Originally Posted by fanfan1609
Let N have primitive roots .Which the way does find all primitive roots generally ? I think if testing all i ,(i,N)=1, is so long
THanks

There is no known way to find primitive roots. There are methods which make it faster. Of course, a computer program is the best way to go. See this.
• May 13th 2008, 08:49 PM
fanfan1609
Quote:

Originally Posted by ThePerfectHacker
There is no known way to find primitive roots. There are methods which make it faster. Of course, a computer program is the best way to go. See this.

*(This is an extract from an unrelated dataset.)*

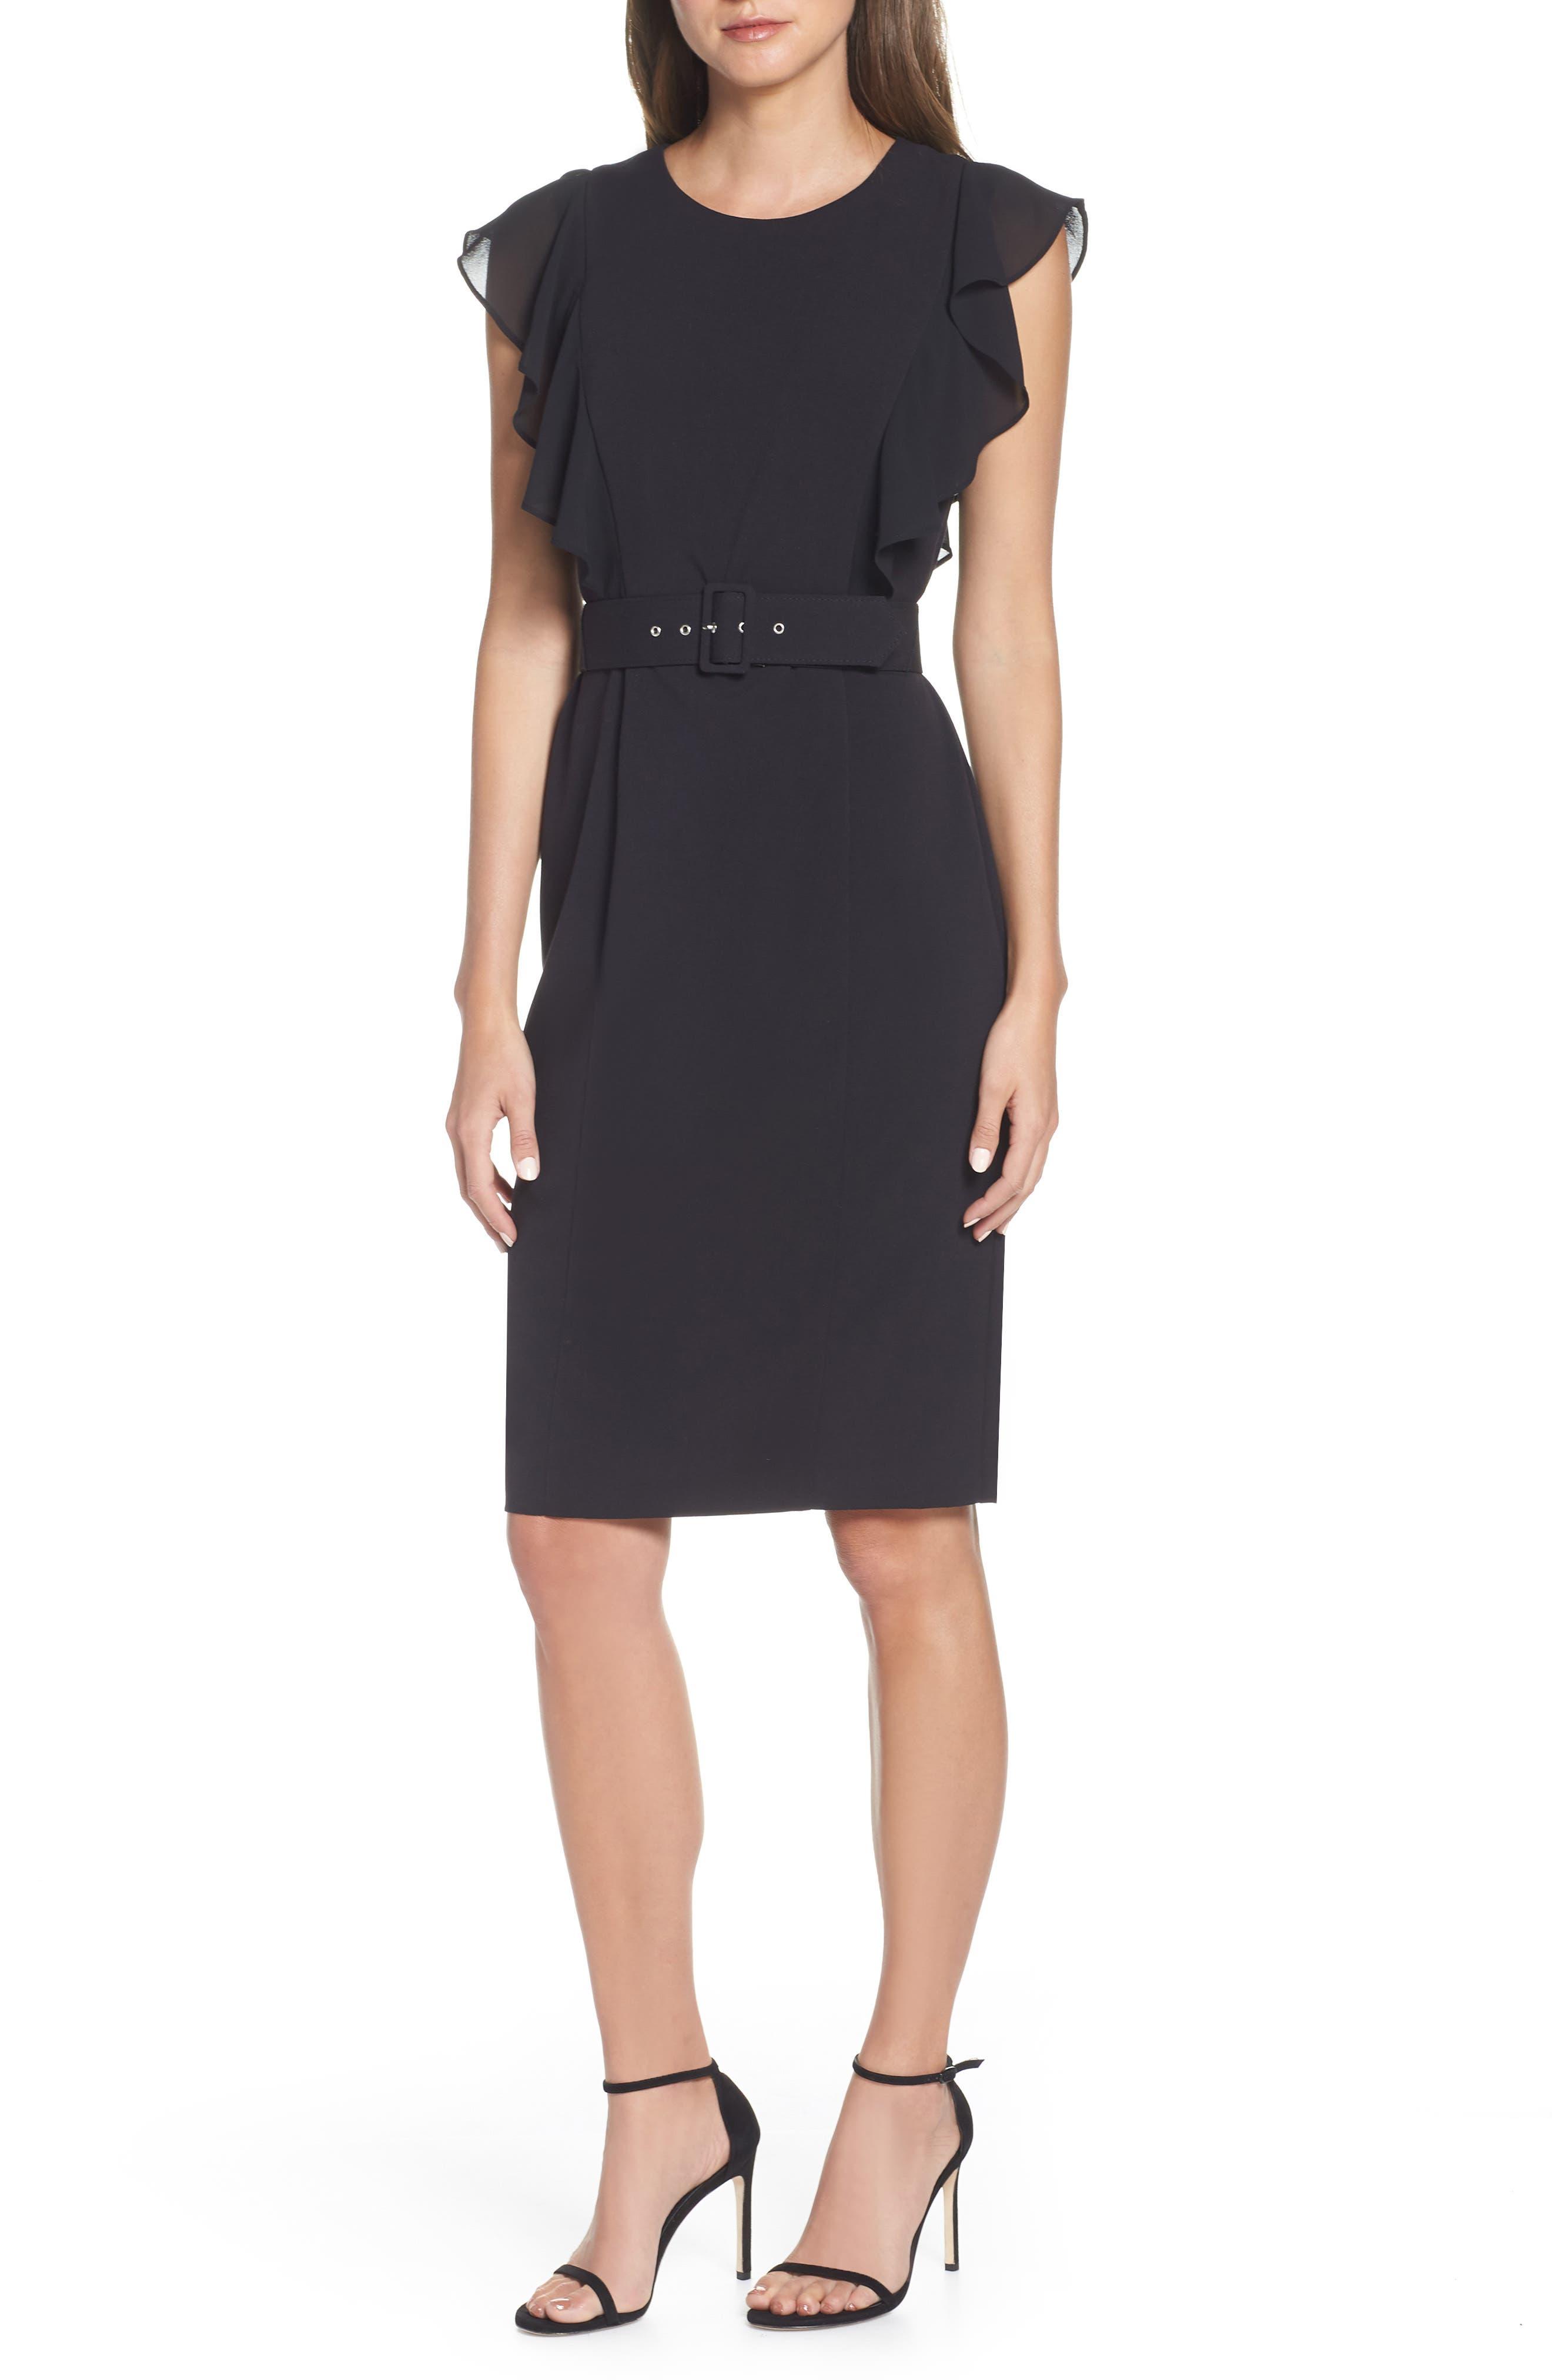 HARPER ROSE Belted Sheath Dress, Main, color, BLACK

I also know that way .YOu can help me my problem .
find the primitive root of 11^2 if we know 2,3 is primitive root of 11.
My teacher said that "if p is primitive root of N ,or p or p+N is primitive root of N^2 " but he didn't said the general primitive root of 11^2.
You can help me ?
Thanks
• May 13th 2008, 09:08 PM
ThePerfectHacker
For 11 you can use a simple fact that if $\displaystyle p$ is a odd prime and $\displaystyle (p-1)/2$ is also a prime then $\displaystyle 2$ is a primitive root for $\displaystyle p$. I leave that for you to prove.
• May 13th 2008, 10:38 PM
fanfan1609
Quote:

Originally Posted by ThePerfectHacker
For 11 you can use a simple fact that if $\displaystyle p$ is a odd prime and $\displaystyle (p-1)/2$ is also a prime then $\displaystyle 2$ is a primitive root for $\displaystyle p$. I leave that for you to prove.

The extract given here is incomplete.